To do the latter, you would need a definition of “human” that can not just distinguish existing humans from existing non-humans, but also pick out all human minds from the space of all possible minds. I don’t see how to specify this definition. (Is this problem not obvious to everyone else?)
For example, we might specify a prototypical human mind, and say that “human” is any mind which is less than a certain distance from the prototypical mind in design space. But then the CEV of this “humankind” is entirely dependent on the prototype that we pick. If the FAI designers are allowed to just pick any prototype they want, they can make the CEV of “humanity” come out however they wish, so they might as well have the FAI use the CEV of themselves. If they pick the prototype by taking the average of all existing humans, then that allows the same attack described in my post.
The problem is indeed there, but if the goal is to find out the human coherent extrapolated volition, then a definition of human is necessary.
If we have no way of picking out human minds from the space of all possible minds, then we don’t really know what we’re optimizing for. We can’t rule out the possibility that a human mind will come into existence that will not be (perfectly) happy with the way things turn out.* This may well be an inherent problem in CEV. If FAI will prevent such humans from coming into existence, then it has in effect enforced its own definition of a human on humanity.
But let’s try to salvage it. What if you were to use existing humans as a training set for an AI to determine what a human is and is not (assuming you can indeed carve reality/mind-space at the joints, which I am unsure about). Then you can use this definition to pick out the possible human minds from mind-space and calculate their coherent extrapolated volition.
This would be resistant to identity-space stuffing like what you describe, but not resistant to systematic wiping out of certain genes/portions of identity-space before CEV-application.
But the wiping out of genes and introduction of new ones is the very definition of evolution. We then would need to differentiate between intentional wiping out of genes by certain humans from natural wiping out of genes by reality/evolution, a rabbit-hole I can’t see the way out of, possibly a category error.
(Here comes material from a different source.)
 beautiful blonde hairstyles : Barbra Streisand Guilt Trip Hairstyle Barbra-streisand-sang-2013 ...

If we can’t do that, we have to accept the gene-pool at the time of CEV-activation as the verdict of evolution about what a human is, which leaves a window open to gaming by genocide.
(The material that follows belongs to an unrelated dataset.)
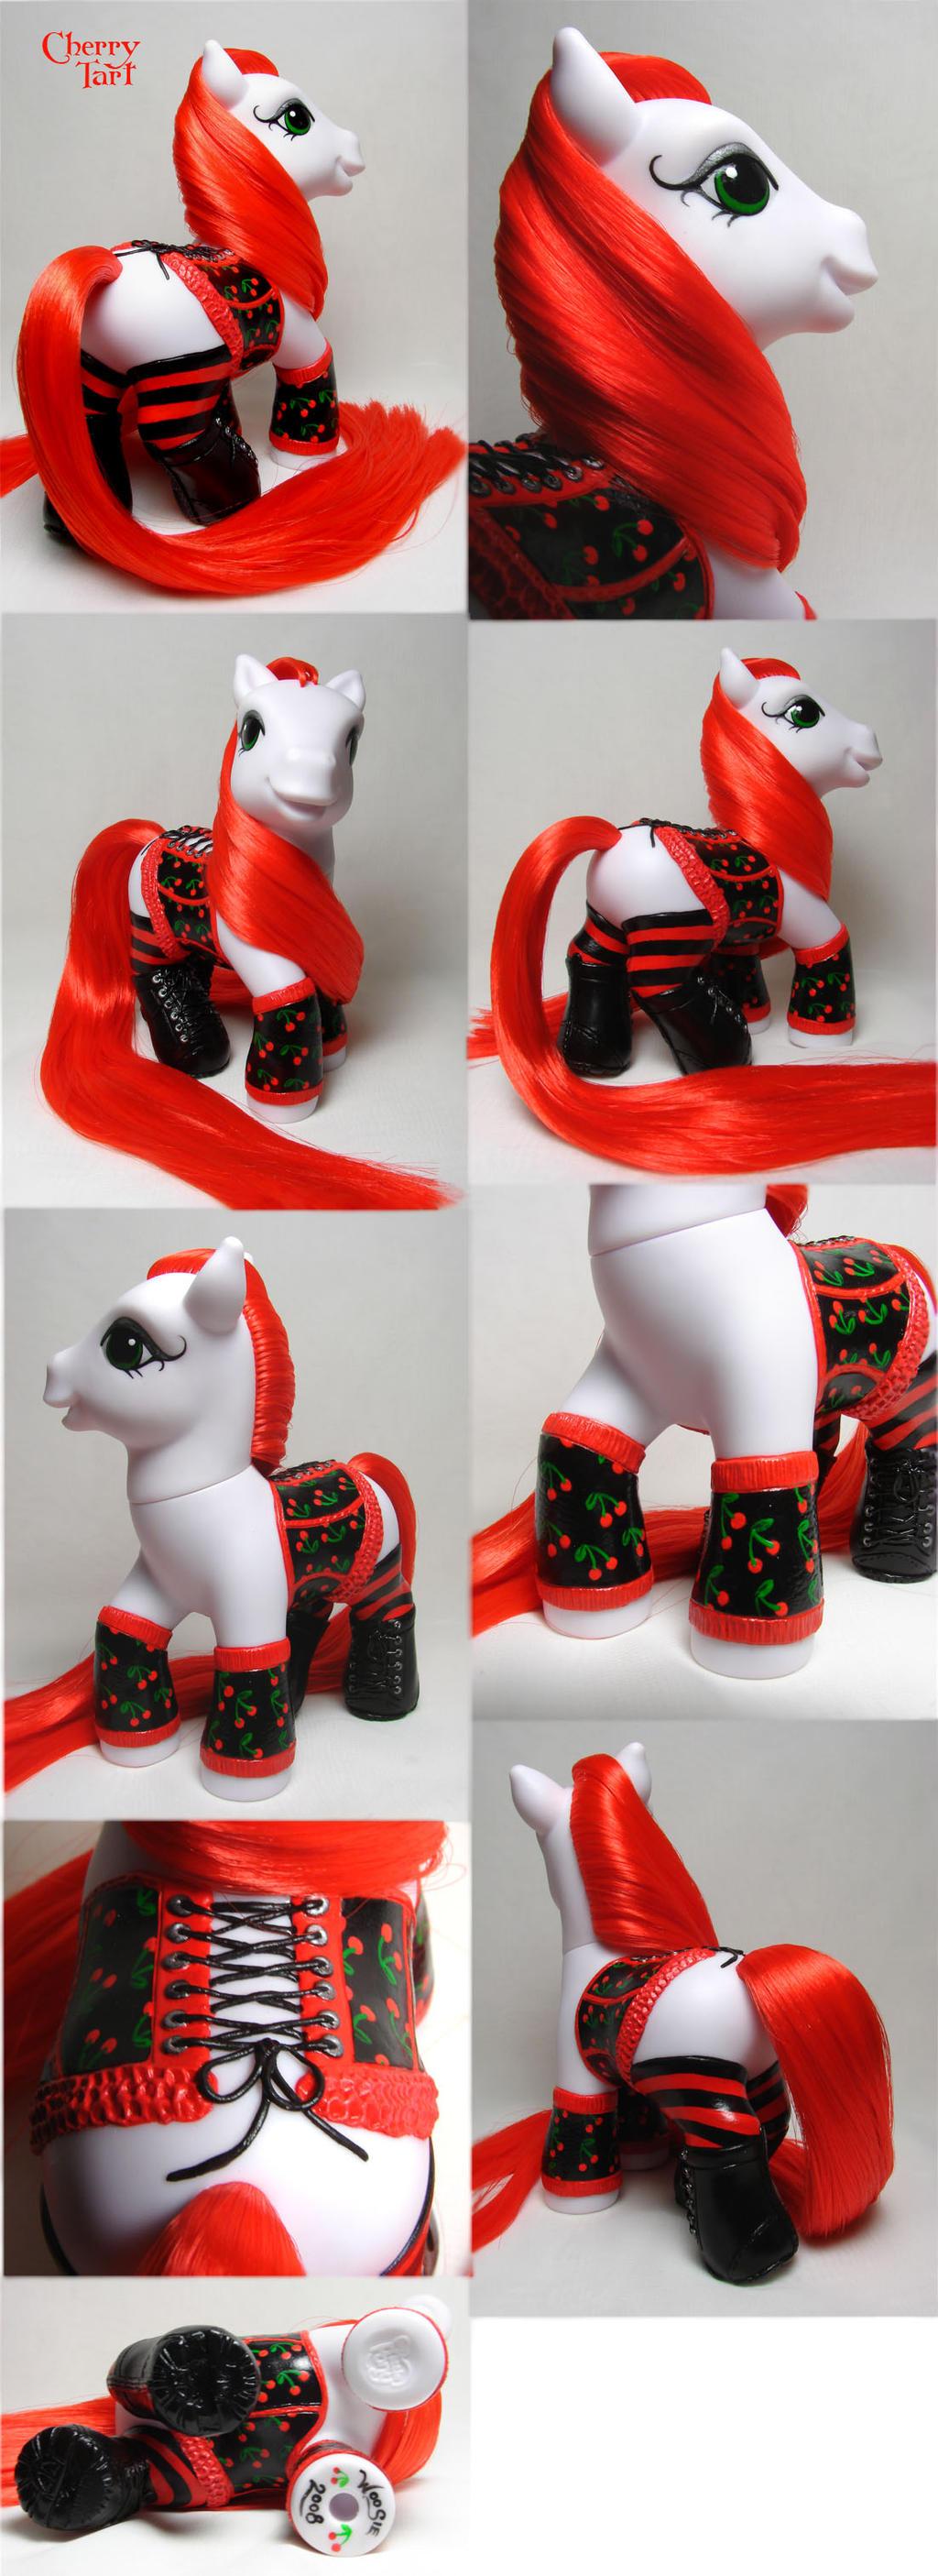 Cherry Tart corset pony by Woosie

Perhaps taking as a starting poing the time of introduction of the idea of CEV as a means of preventing the possibility of manipulation would work, or perhaps trying to infer if there was any intentional gaming of CEV would also work. Actually this would deal with both genocide and stuffing without any additional steps. But this is assuming rewinding time and global knowledge of all human thoughts and memories as capabilities. Great fun :)
*coming to think of it, what guarantees that the result of CEV will not be something that some of us simply do not want? If such clusters exist, will the FAI create separate worlds for each one?
EDIT: Do you think there would be a noticeable difference between 1900AD!CEV and 2000AD!CEV?
Who ever said that CEV is about taking the average utility of all existing humans? The method of aggregating personal utilities should be determined by the extrapolation, on the basis of human cognitive architecture, and not by programmer fiat.
So how about taking all humans that do exist, determining the boundary humans, and using the entire section of identity-space delineated by them? That is still vulnerable to Dr. Evil killing everyone, but not to the trillion near-copy strategy. No?